Showing posts with label Burgh House. Show all posts
Showing posts with label Burgh House. Show all posts
Saturday, 31 December 2016
Freud Museum memories on Radio 3
Coming up on New Year's Day at 18.45, Breaking Free: Freud versus Music, Stephen Johnson's examination of the great man's singular relationship to music. The programme is available here, I assume for more than the usual 28 days as that proviso isn't given. Delightful producer Elizabeth Arno, pictured with Stephen above by me in the famous Maresfield Gardens study (yes, in case you didn't know, that's yer actual couch behind - Berggasse 19 has a copy), asked the folk at the Freud Museum who might represent their side of the argument, and Ivan Ward, who arrived as part of the new batch of 'Museum Educators' towards the end of my group's stint, recommended me.
It was a trip down memory lane in more ways than one. I first met Stephen, now my best pal in the music fraternity, during my year at the Freud, which means both the work and the friendship date back 30 years (ouch). Though the blurb says it was my first job, that's not right; I'd spent a year as Assistant Editor on the beleaguered, shoestring-run Music and Musicians and had just gone freelance, with a book on Richard Strauss to finish. The three days a week at the Freud, sponsored by the Manpower Services Commission - I found the job at Golders Green Job Centre - was just right (pictured below: bin in Maresfield Gardens covered with Freud Anniversary stickers).
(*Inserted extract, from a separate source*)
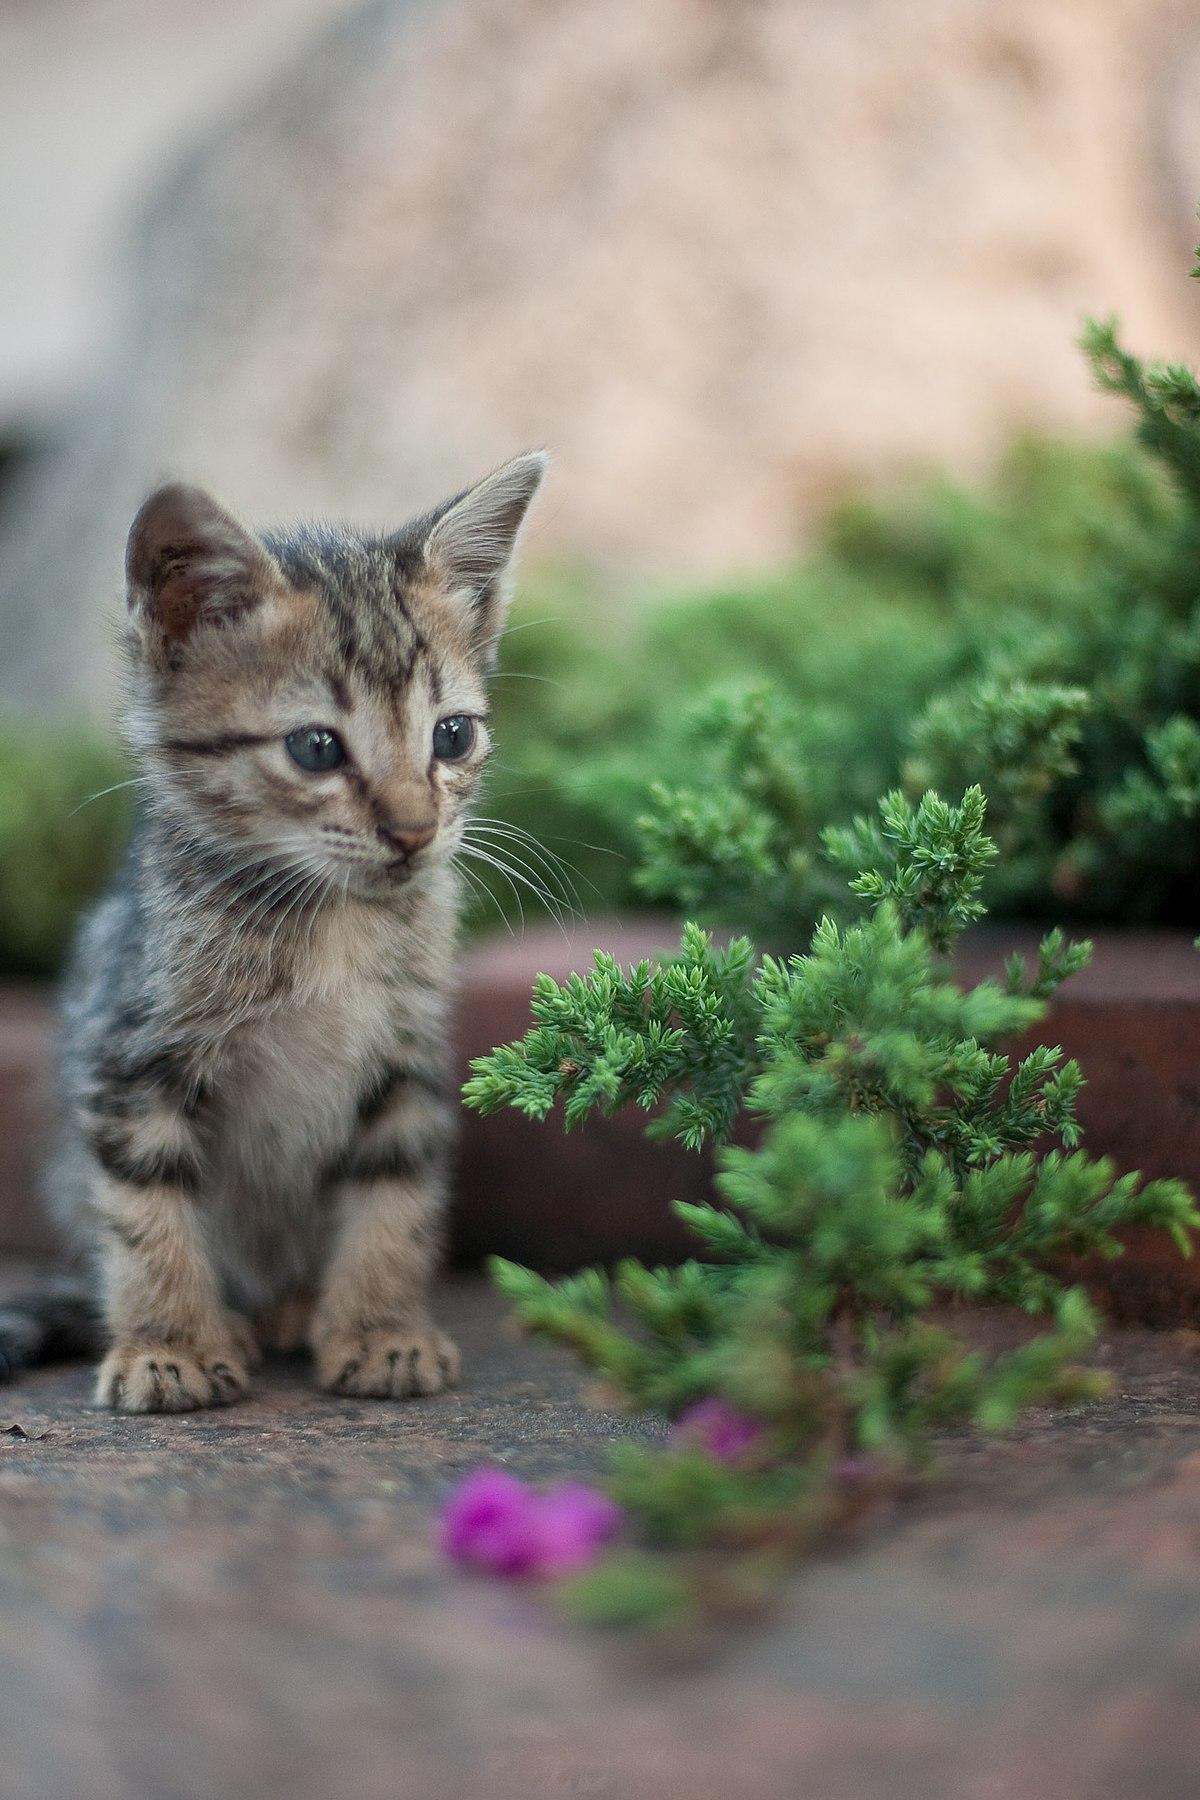 Nama Kucing Yg Bagus : kucing, bagus, Kucing, Wikipedia, Bahasa, Indonesia,, Ensiklopedia, Bebas

Not only that, but it will always be my most meaningful time in some kind of 'office'.I even got to put on a concert of Freud-related works, a sandwich of analogous works - Mahler's Lieder eines Fahrenden Gesellen in the Schoenberg arrangement, with J as soloist, and Schoenberg's First Chamber Symphony - flanked by the only music Freud seemed to care for, Mozart's Le nozze di Figaro and Don Giovanni, in excerpts arranged for wind. My friend Andrew Constantine brought his Bardi Ensemble from Leicester and I reckon it was a pretty good concert in Belsize Park Town Hall.
I'd completely forgotten that I'd even given a talk on Freud and Music in the museum, and only when Ivan printed out select quotations was my memory jogged this time to realise that Freud actually references Walter's Morgentraumdeutungweise via Sachs. Now that there's a catalogue of the 3000 plus books in the library we were also able to find two short psychoanalytic studies of Wagner operas, both of them gifts so hard to tell if Freud read them or not.
More of the issues you can hear in the complete programme, where I'm proud to stand alongside some fine figures in the psychoanalytic world as the more gossipy lifestyle commenter. We'll see what's there, but the main point is that we spent a very jolly couple of hours in the Museum and as always I sensed that extraordinary centredness and serenity that comes from standing in the downstairs rooms, left as they were at Freud's death by keeper of the flame his daughter Anna.
Stephen and Elizabeth needed to get down to editing business afterwards, so I took myself to Louis up in Hampstead, the Austro-Hungarian cafe, which never changes, for a coffee and cake and then wandered down ever-idyllic Flask Walk in peak Autumntime (as pictured above, looking up towards the local school) to Burgh House for a bowl of appropriately autumnal pumpkin soup
via an affectionate cat, appropriate since Stephen and his wife Kate were recently bereaved of the most characterful feline in the world, Agatha (I always called her A-GAA-the a la Freischütz) and we'd been talking about their new pair. Freud's favourite animals were chows, and he recalled that while stroking one of them, Jo-Fi, he found himself humming, 'unmusical as I am,' 'Dalla sua pace' from Don Giovanni - 'on her peace of mind mine also depends'. The words of the melody unconsciously summoned, he would argue in The Psychopathology of Everyday Life, usually had a significance.
Anyway, it's nice, after a rather thin year for me on Radio 3, to be featured in something on New Year's Day. May 2017 be a good one for all, as 2016 has been for me on the personal and work levels albeit a horror on the world front - Brexit, Trump and Aleppo offset in tiny ways by victories for Sadiq Khan as London Mayor and LibDem Sarah Olney overturning the wretched Zac Goldsmith's 23,000 majority in Richmond Park. The fight against Fascism is going to be a hard one, but we've got to get tougher.